SUPPLIED DATA:
-- Opening Marker --

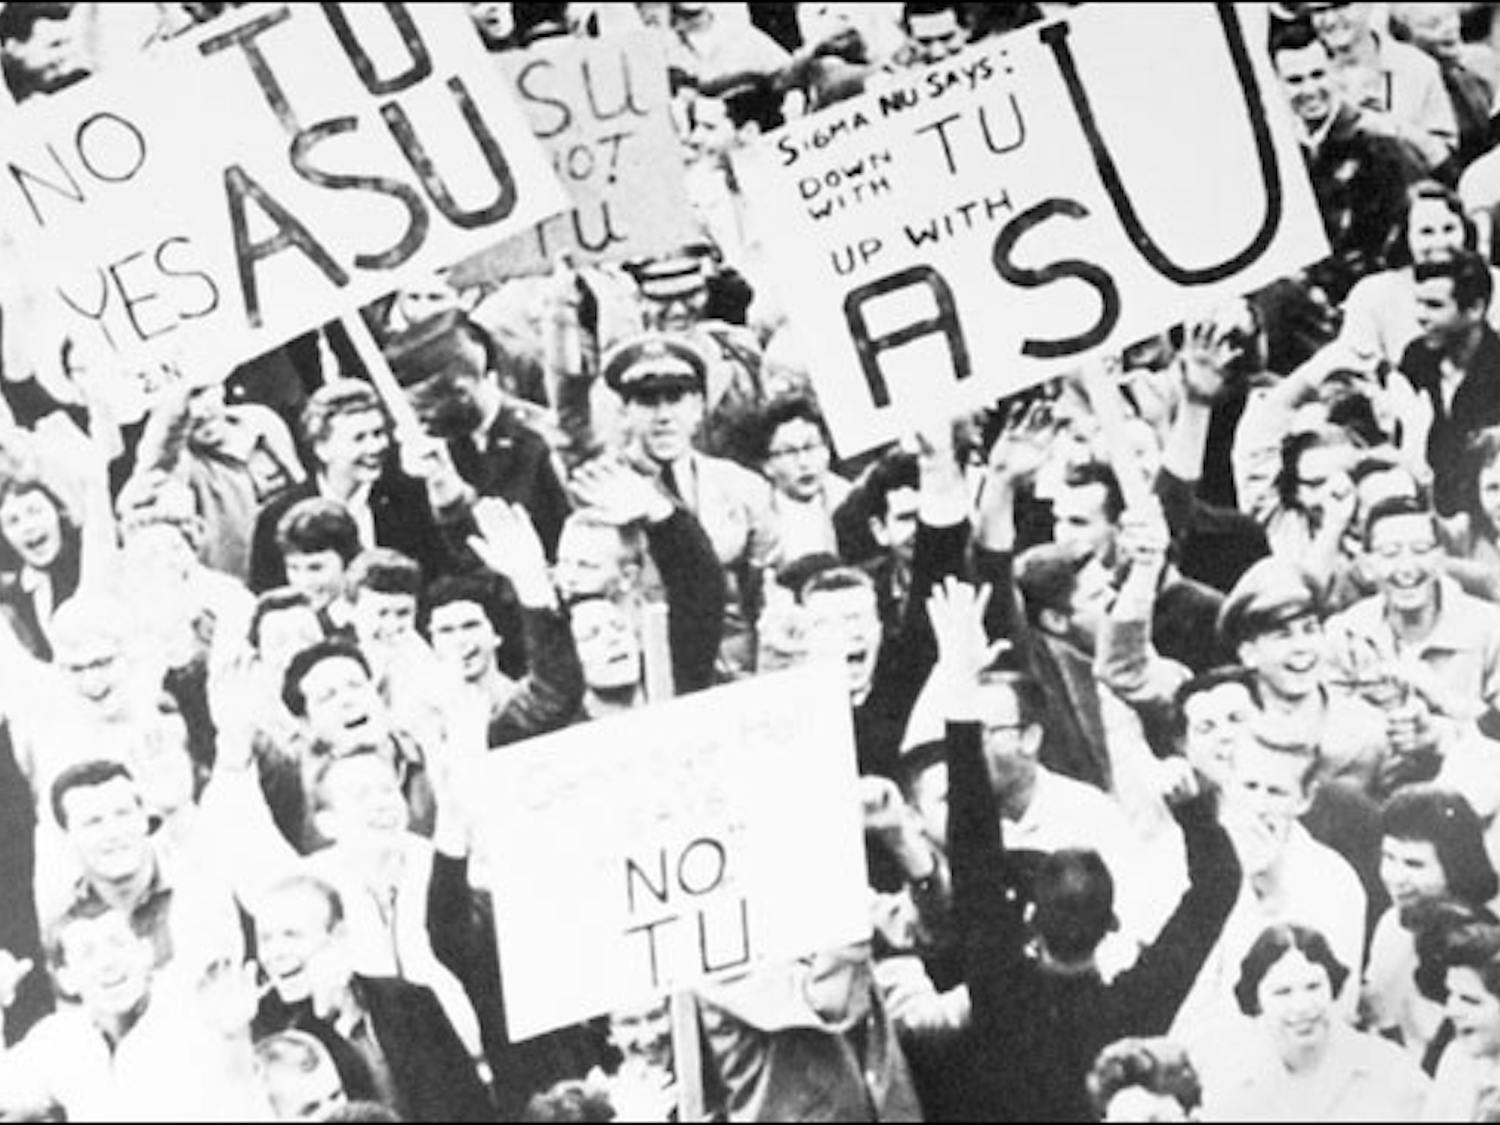 Students rally to change the name of Arizona State College to Arizona State University in 1958. (University Archives Photograph/ASU Archives) 
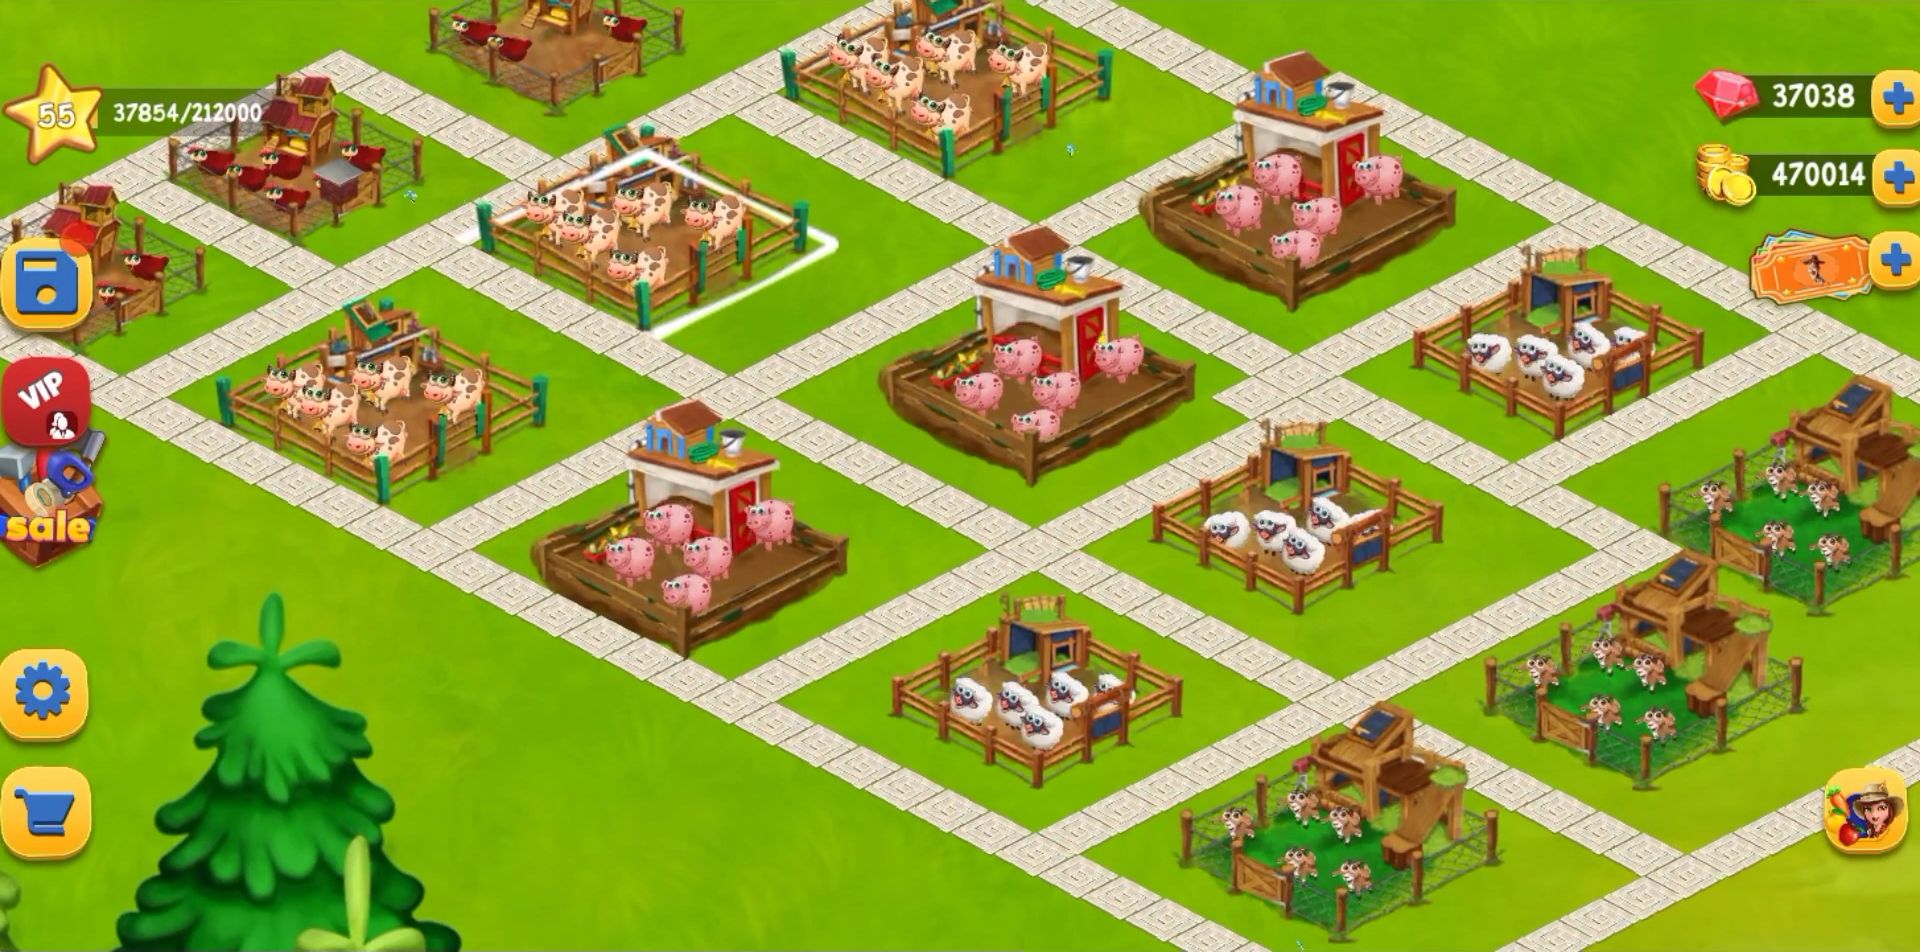 Farm Day Village Farming: Offline Games for Android
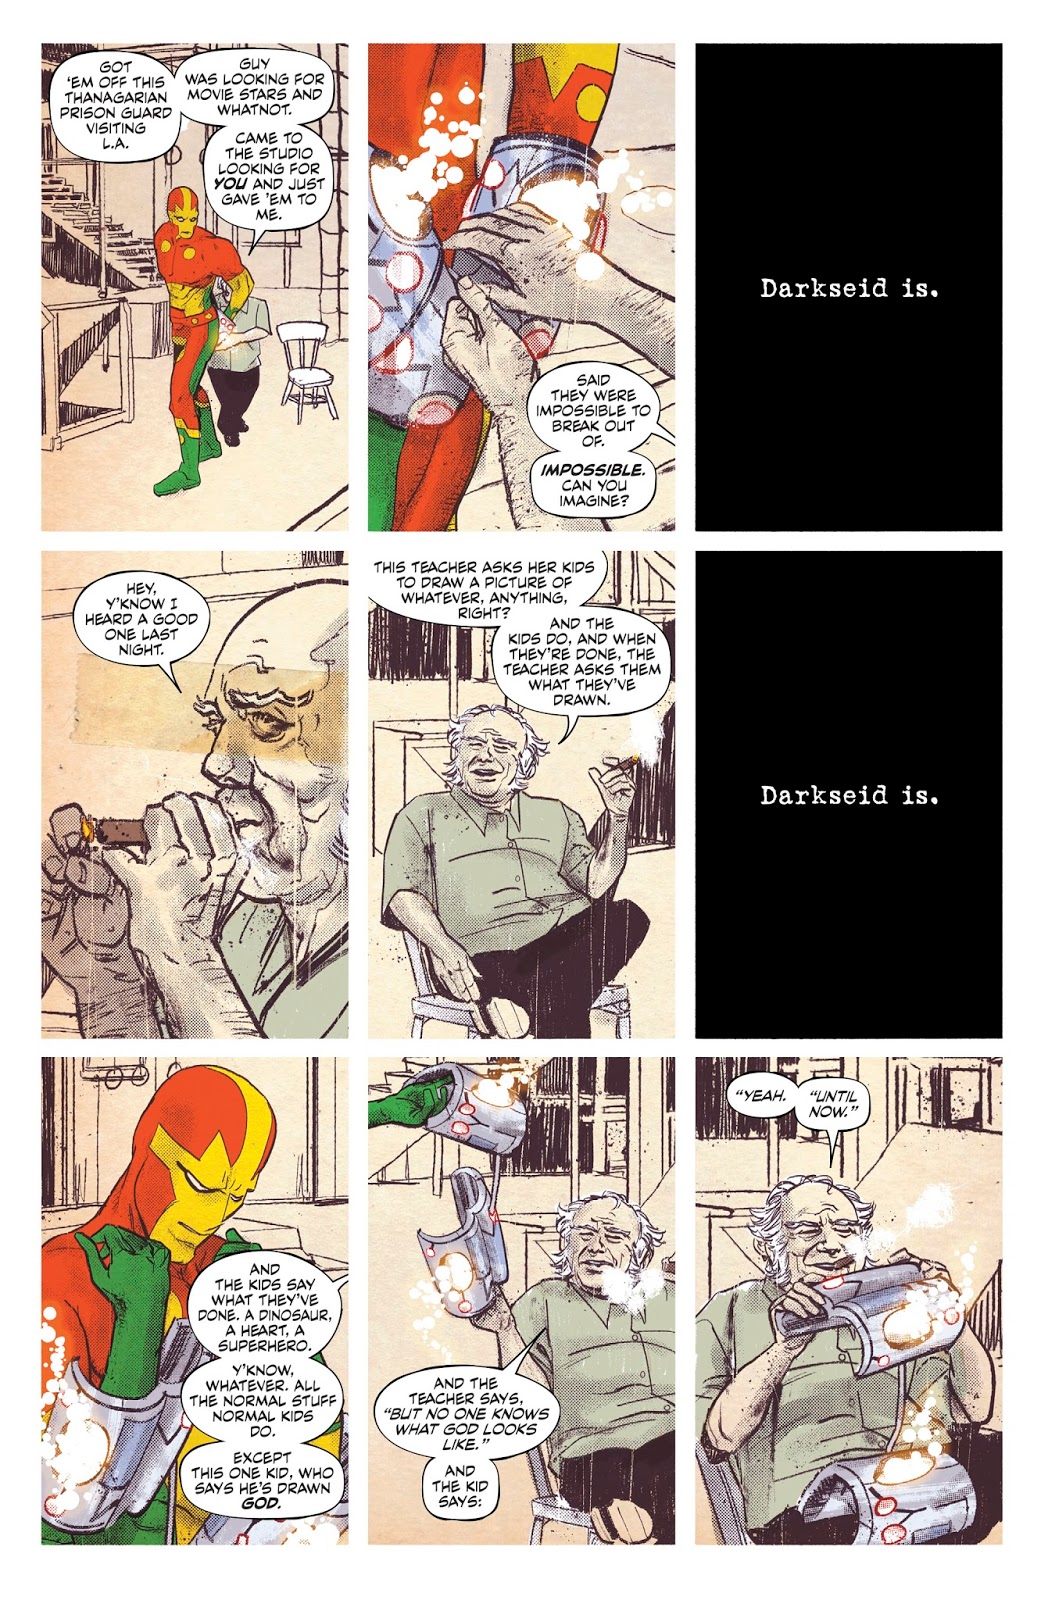 Mister Miracle review

-- Closing Marker --

THE TASK:
What the answer needs is every line from the one containing "Farm Day Village" through the final line of the data above, copied exactly, without pictures.

WRITTEN REPLY:
 Farm Day Village Farming: Offline Games for Android
 Mister Miracle review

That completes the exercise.